Thomas Luo: One thing that raises my curiosity - I heard integrating Llama into the glasses was particularly challenging during the development process. Would you mind sharing what kind of difficulties or challenges the team met? Since you had to work with both research and development teams to overcome these challenges, especially regarding putting a large language model into this device for multimodality features, what challenges did your team overcome?

Kenan Jia: We have a very strong AI team, both on the model / research side, and for integrating it into smart glasses. Going back to the architecture of glasses, phone, and server side with direct speech response, there were several challenges. For example, how do you optimize responses for glasses and audio feedback? With ChatGPT, you usually get very long responses. If you don't modify the LLM response for glasses, having a two or three-minute text-to-speech response would be really impractical. A lot of work went into optimizing and providing the most relevant responses on the spot.
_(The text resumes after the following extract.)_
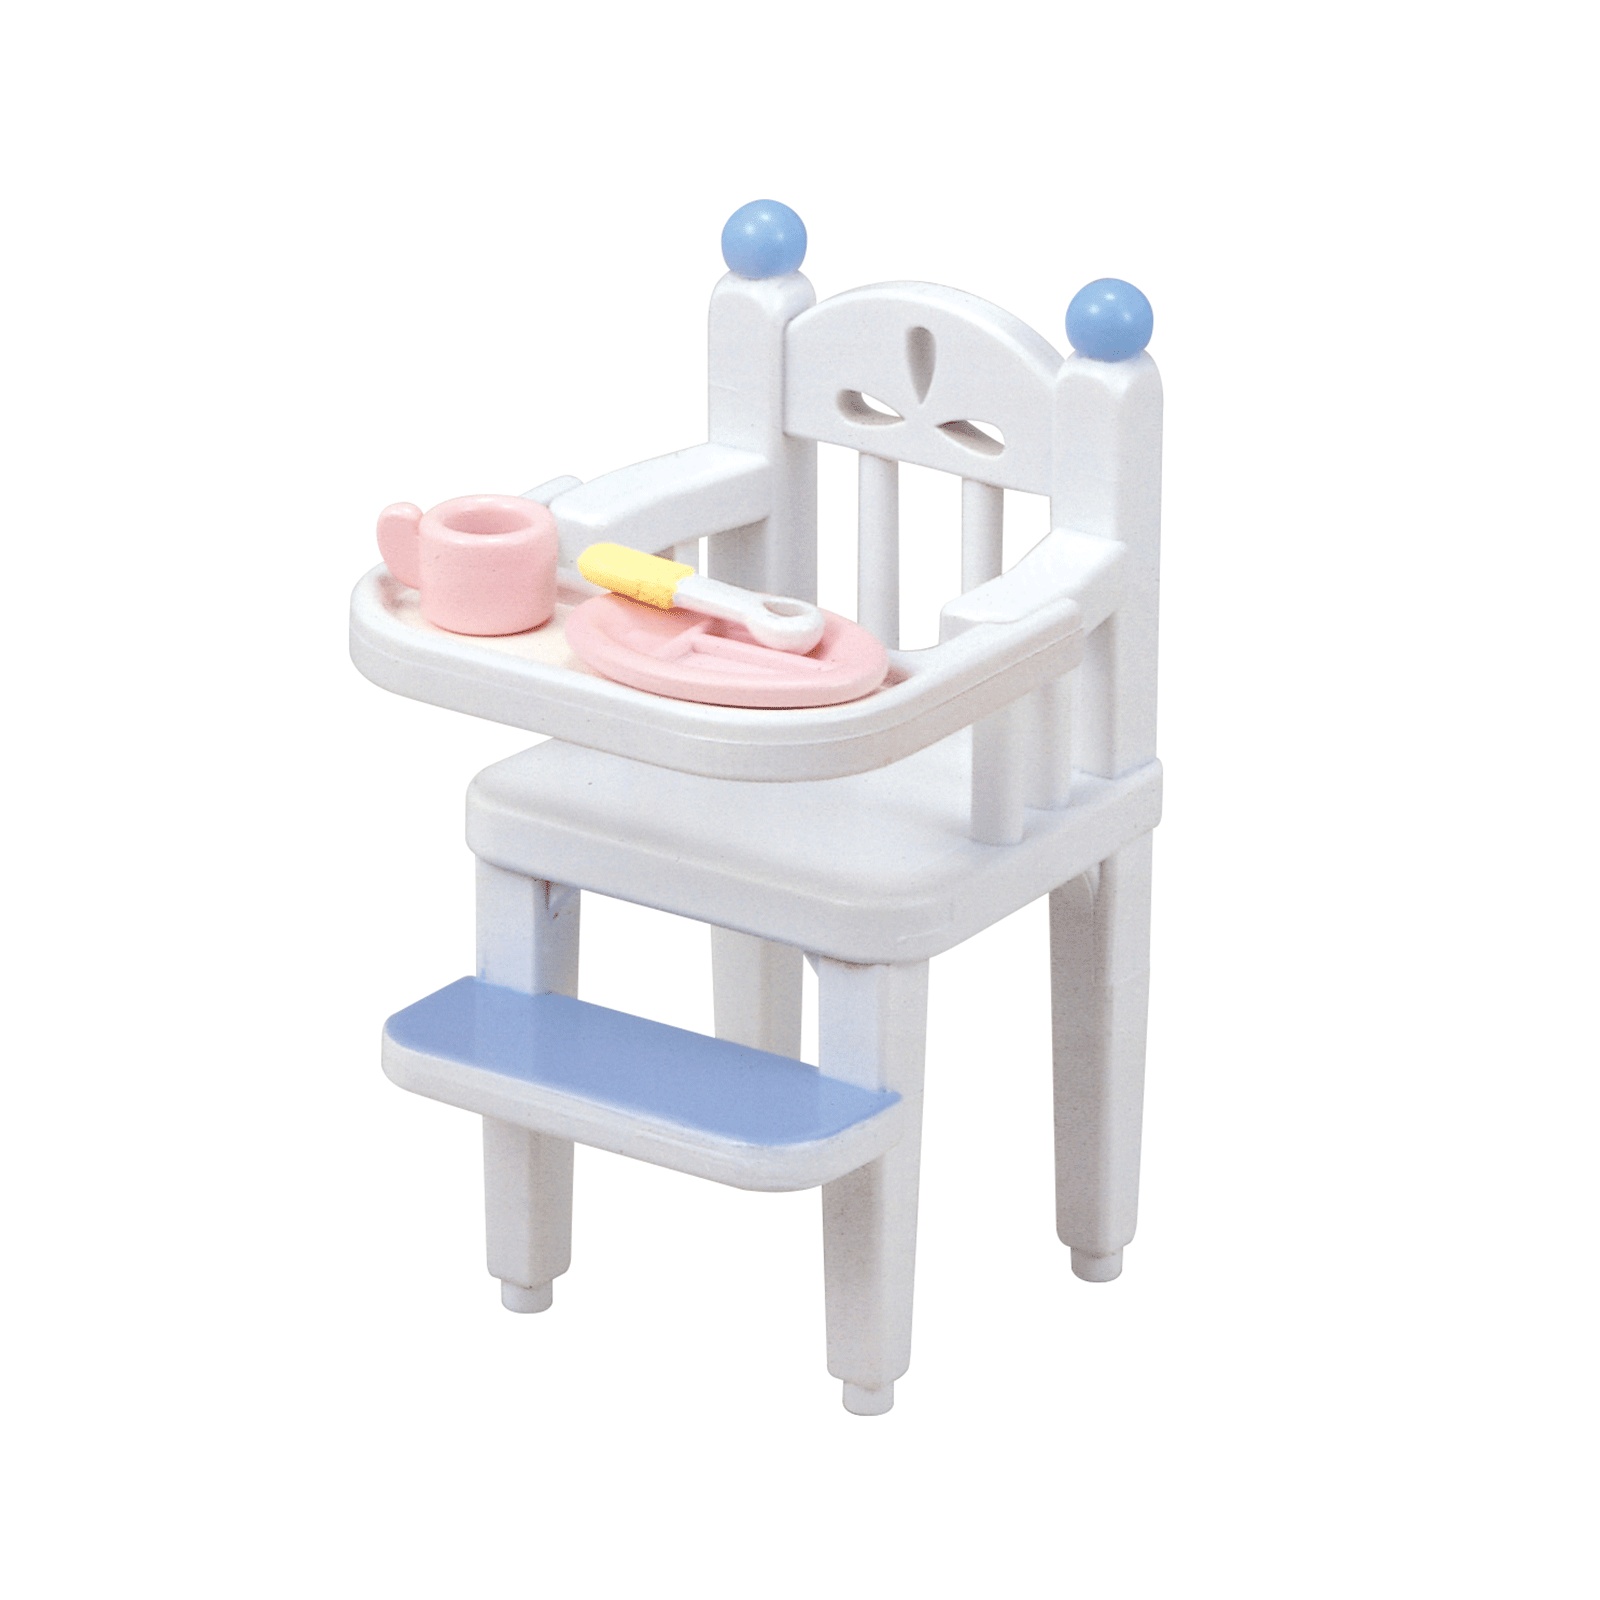 sylvanian families baby high chair

Then there are latency challenges, which we discussed. You have multiple legs - processing on the frame, transmission, and backend connectivity. Our teams broke this down step by step to improve overall latency and reliability. If your Bluetooth connectivity drops, it stops, and as a user, you wouldn't know what happened - you'd just think Meta AI doesn't work.
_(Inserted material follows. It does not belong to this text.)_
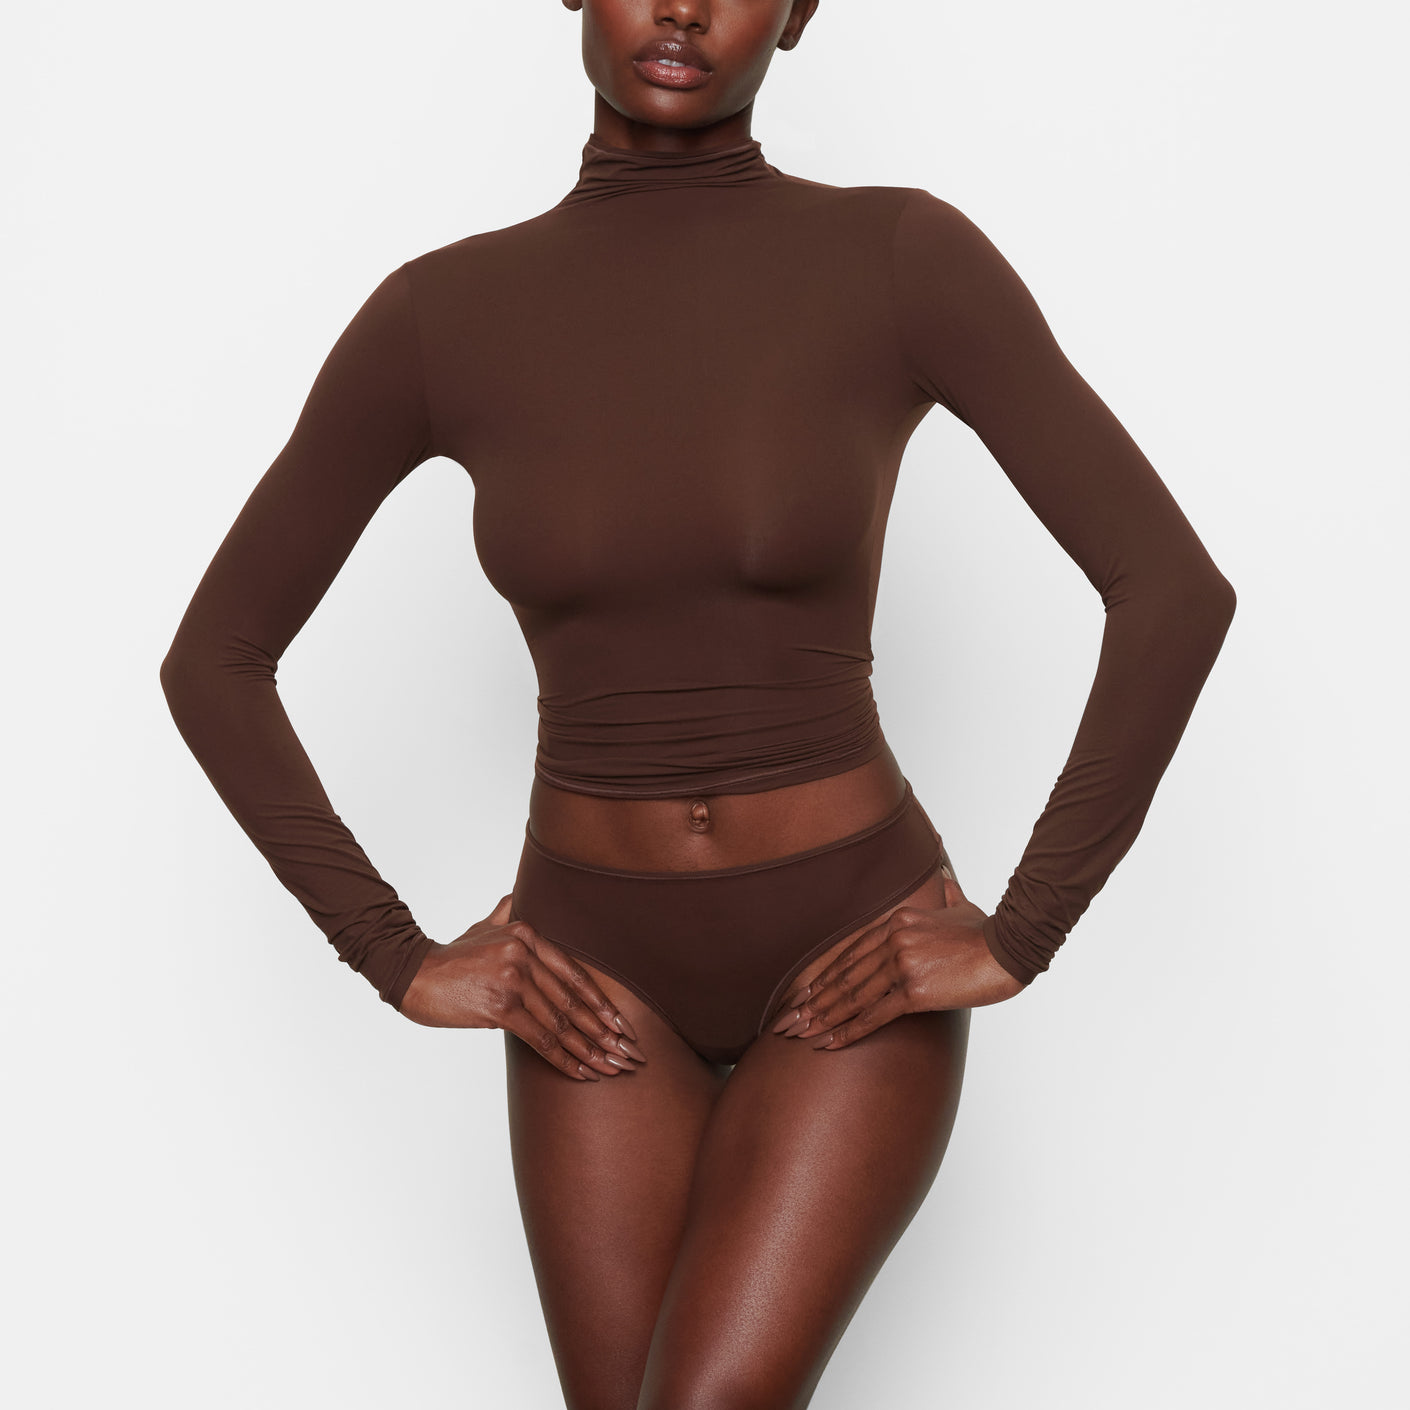 Uniqlo Body Shaper Seamless Bra Sleeveless Top (S), Women's Fashion, New  Undergarments & Loungewear on Carousell

Even after launch, we're working on improvements to take AI from good to great. For instance, the natural interaction - currently, you have to say "Hey Meta, look and tell me this." We want it to be more natural, like simply asking "What is this plant?" We've invested heavily in natural interaction so people can talk directly to the AI without specific trigger words.

We've also worked on multi-turn conversations. Earlier, you had to say the wake word multiple times. Now, when you're at a museum, for example, the LED indicates it's listening for a few more seconds for follow-up questions before responding.

The key areas we focused on were making AI reliable, fast, and high-quality on glasses. Post-launch, we've invested in developing more valuable use cases, making interactions more natural, and expanding language availability - internationalization is also very challenging.

Thomas Luo: Let's go deeper into discussing these priorities of latency, reliability, and response quality. I think these trade-offs and balances are crucial because I truly believe glasses will be one of the most promising options for the next generation of AI devices. My reasoning is that the human head contains our most important sensors - our eyes, ears, mouth, and more. Essentially, the human head is like a carbon-based multimodality system that can naturally interact with silicon-based multimodality AI through glasses. Glasses have a 700-year history, and people are comfortable wearing them - it doesn't look weird. So, for these trade-offs and balances, could you give us more detail about the priorities? What's the most important thing when producing AI-powered glasses? If something has to be given up, what's the baseline we need to maintain to make this happen?

Kenan Jia: I wish I had a one-liner answer for these trade-offs to make a great pair of glasses. The reality is challenging because when you ask people about Ray-Ban Meta or AR glasses, they always want them lighter and smaller while simultaneously wanting better performance and battery life, plus better image quality. These goals are at odds - you can't have both at the same time.

I can give you an example that shows our trade-off thinking. For Ray-Ban Meta's second generation, we greatly improved image quality and FOV by moving from a 5-megapixel to a 12-megapixel camera. However, we went from two cameras in the first generation to just one ultra-wide camera on the left side in the second generation. Initially, with two cameras, we thought about depth sensing and creative photo formats, but these wouldn’t be heavily used. For gen two, we knew people primarily wanted better quality photos for social sharing.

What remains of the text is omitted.